简单的隐藏地雷:df.A = sr

时间:2019-04-26 20:24:40

标签: python pandas dataframe series

df.A = sr这样的简单操作(将pandas.Series分配给pandas.DataFrame中的列)似乎无害,但有许多细微差别。对于像我这样开始学习pandas的人来说,它带来了许多便利和困惑。

下面给出一个简单的示例/挑战:

df:
+----+-----+
|    |   A |
|----+-----|
|  0 |   0 |
|  1 |   0 |
|  2 |   0 |
|  3 |   0 |
|  4 |   0 |
+----+-----+

l = [777, 666, 555, 444, 333]

sr:
+----+-----+
|    |   0 |
|----+-----|
|  7 | 777 |
|  6 | 666 |
|  5 | 555 |
|  4 | 444 |
|  3 | 333 |
+----+-----+

df之后,df.A = sr是什么样?

df之后,df.A = l会是什么样?

根据我目前的理解,我分解了df.A = sr中的所有隐含操作,请对其进行更正/确认/扩展: 例如,我不太确定正确的术语。

# [0] a column in a DataFrame, is a Series, is a dictionary of index and values
# all cell to cell transfers are key-lookup based, individual element in an 
# index is called a "label" for a reason.

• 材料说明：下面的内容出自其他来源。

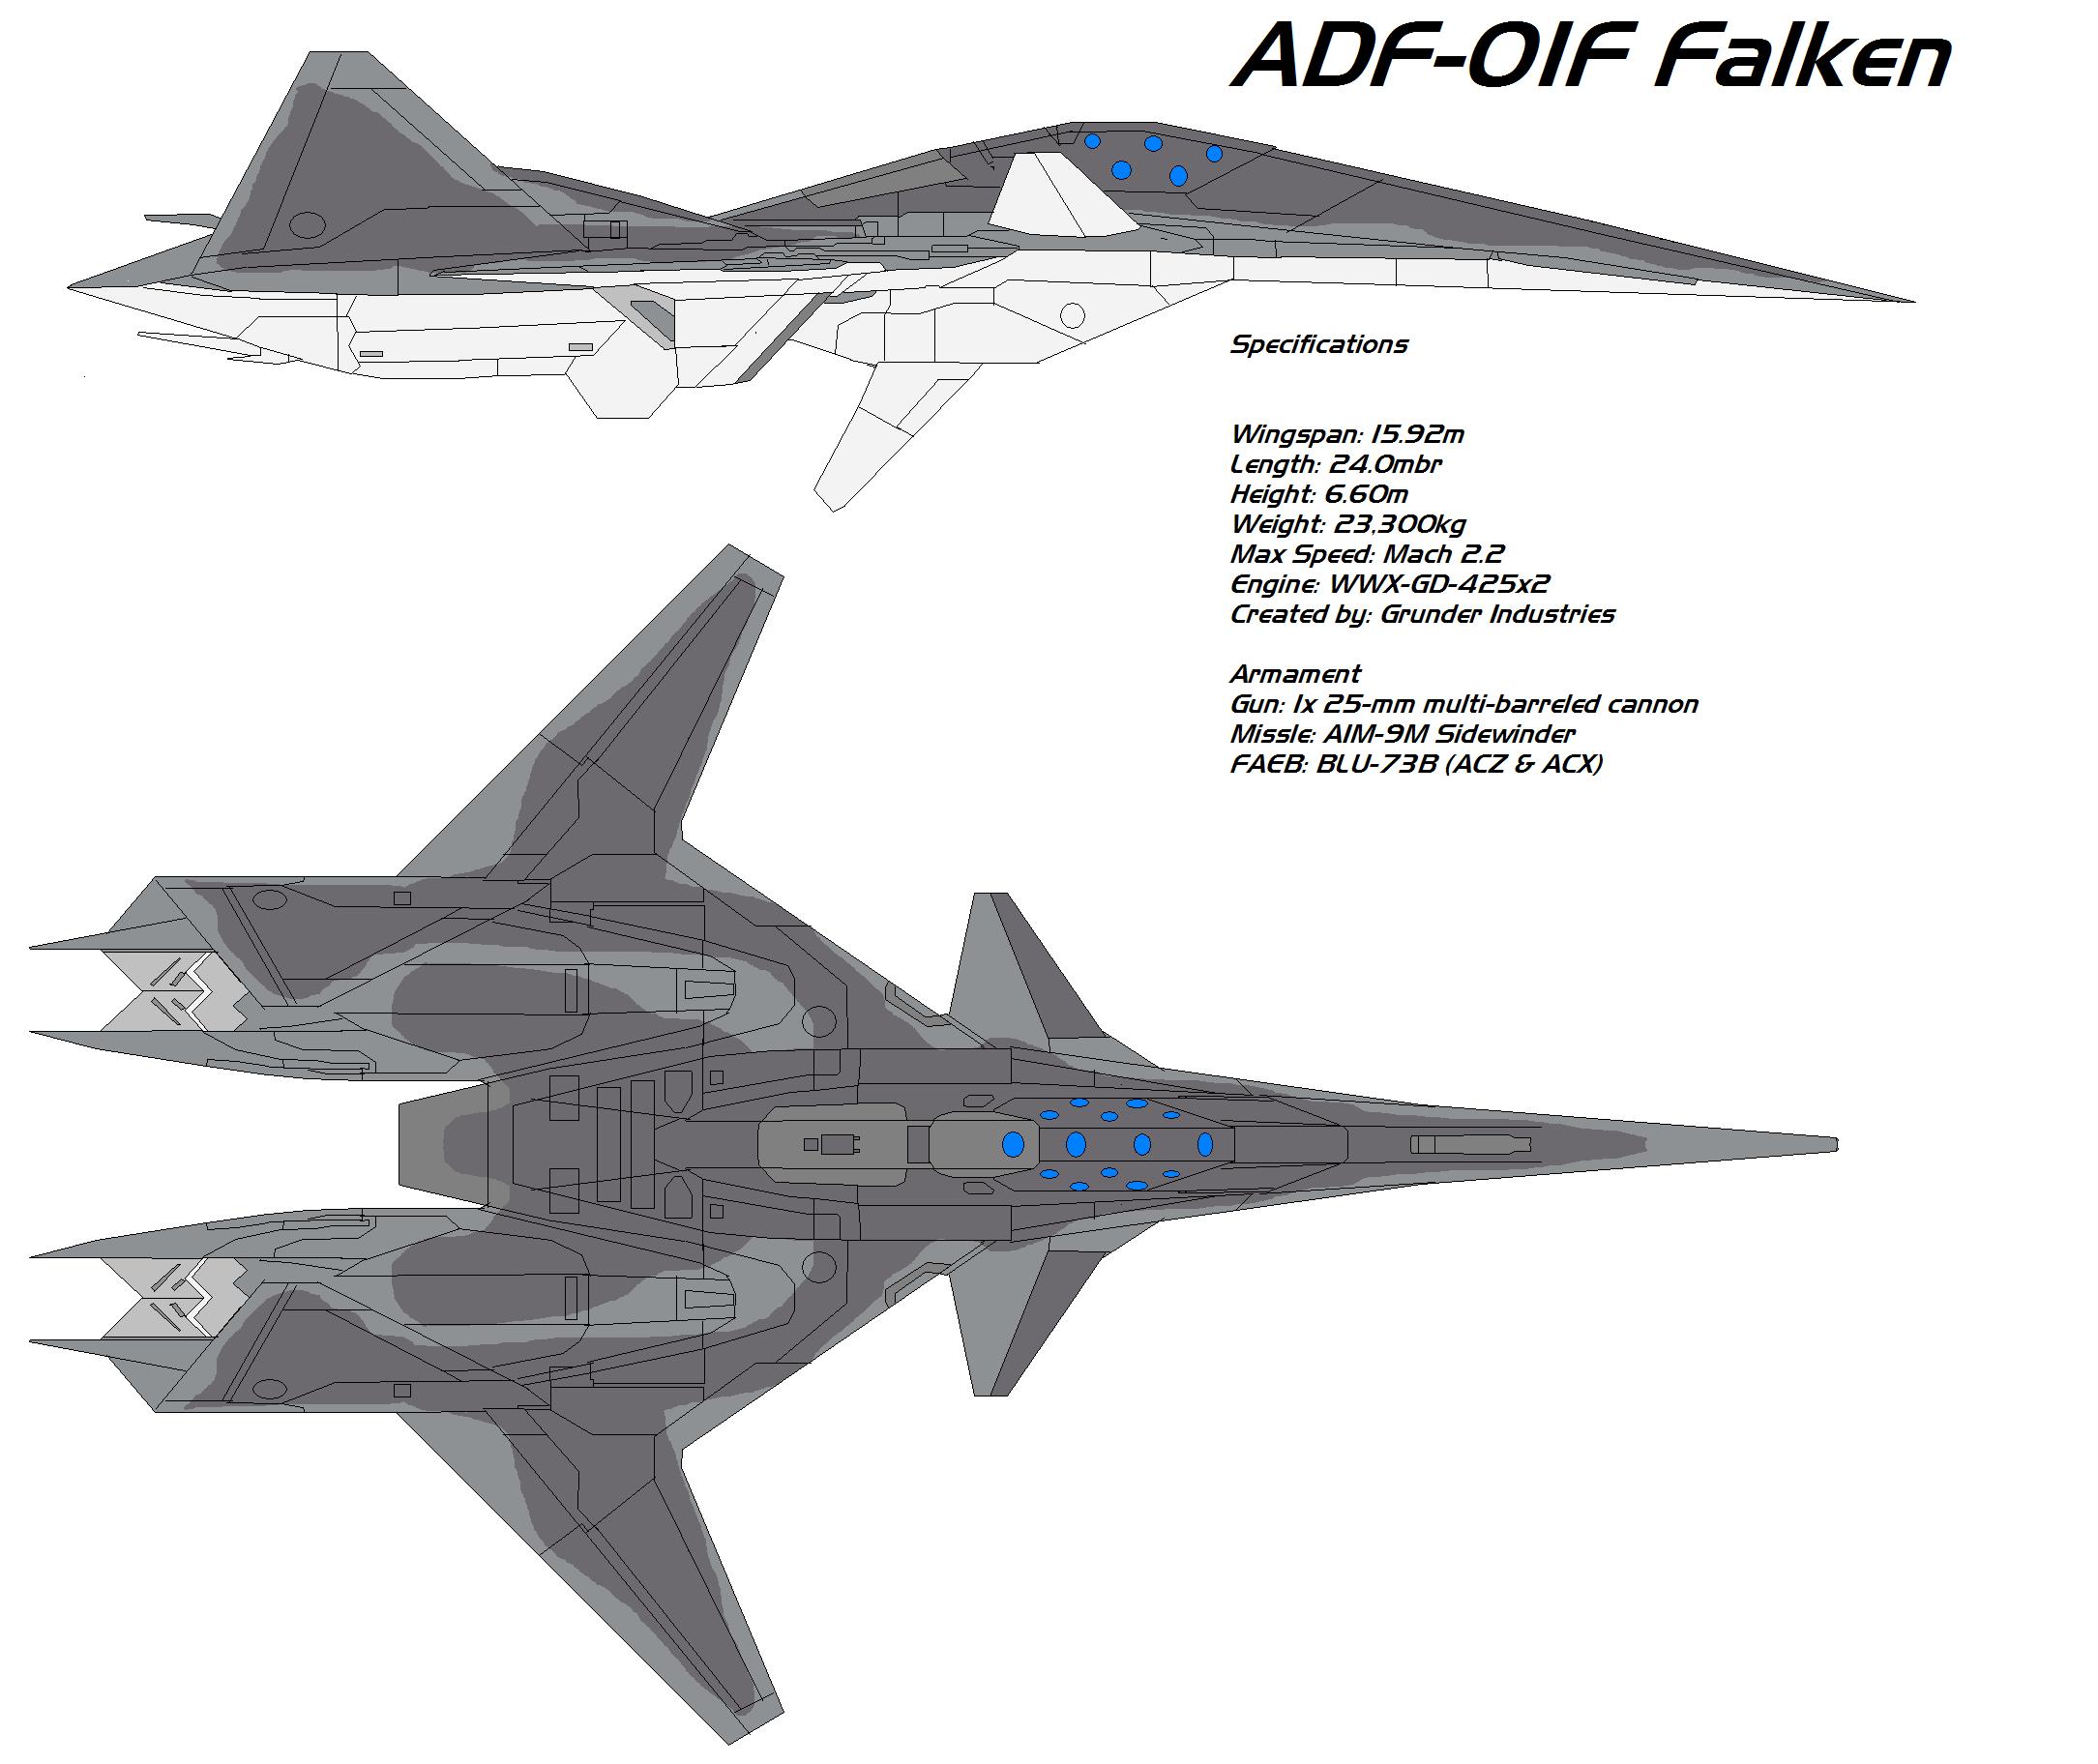 ADF-01F Falken by bagera3005

# [1] if sr didn't have some of the index labels in df.col's index, 
# the old values in those cells in df.col gets WIPED!
df.loc[ ~df.index.isin(sr.index)] = np.nan

# [2] values are transferred from sr cells into df cells with common index-labels. 
# As expected
df.loc[ df.index.isin(sr.index), 'A'] = 
    sr.loc[ [idx for idx in sr.index if idx in df.index] ]

# [3] sr's cells, whoes index-lables are not found in df.index, are ignored and 
# doesn't get to be assigned in df
sr.loc[ ~sr.index.isin(df.index)] # goes no where.

# [4] with all the wipping and ignore from above steps, 
# there is no error message or warnings.
# it can cause your mistakes to slip thru:
"""
df = pd.DataFrame(0, columns=['A'], index=np.arange(5))
df.loc[ df.index.isin( ['A', 'B']), 'A'] = sr
print(df)

df = pd.DataFrame(0, columns=['A'], index=[])
df.A = sr
print(df)
"""

SPOILER。设置和结果:

df = pd.DataFrame(0, columns=['A'], index=np.arange(5))
l = [777, 666, 555, 444, 333]
sr = pd.Series(l, index=[7, 6, 5, 4, 3])


RESULTS:
df.A = sr
df:
+----+-----+
|    |   A |
|----+-----|
|  0 | nan |
|  1 | nan |
|  2 | nan |
|  3 | 333 |
|  4 | 444 |
+----+-----+

df.A = l
df:
+----+-----+
|    |   A |
|----+-----|
|  0 | 777 |
|  1 | 666 |
|  2 | 555 |
|  3 | 444 |
|  4 | 333 |
+----+-----+

1 个答案:

答案 0 :(得分:2)

所以您看到的结果是由于以下原因:

sr = pd.Series(l, index=[7, 6, 5, 4, 3])

您已将l的索引值专门分配给[7、6、5、4、3]。

当您这样做:

df.A = sr

该系列保留其索引值。然后,当您定义df时:

df = pd.DataFrame(0, columns=['A'], index=np.arange(5))

您确保最高索引值为4(index=np.arange(5)

因此您的列输出保留了sr的索引值,并将值放在A中,因此仅显示了索引值3,4。

当您这样做时:

df.A = l

您只需将l中的值分配给A列。因此所有值都将出现。如果您将sr = pd.Series(l, index=[7, 6, 5, 4, 3])更改为sr = pd.Series(l),请设置df.A = sr。您最终将得到与df.A = l完全相同的结果。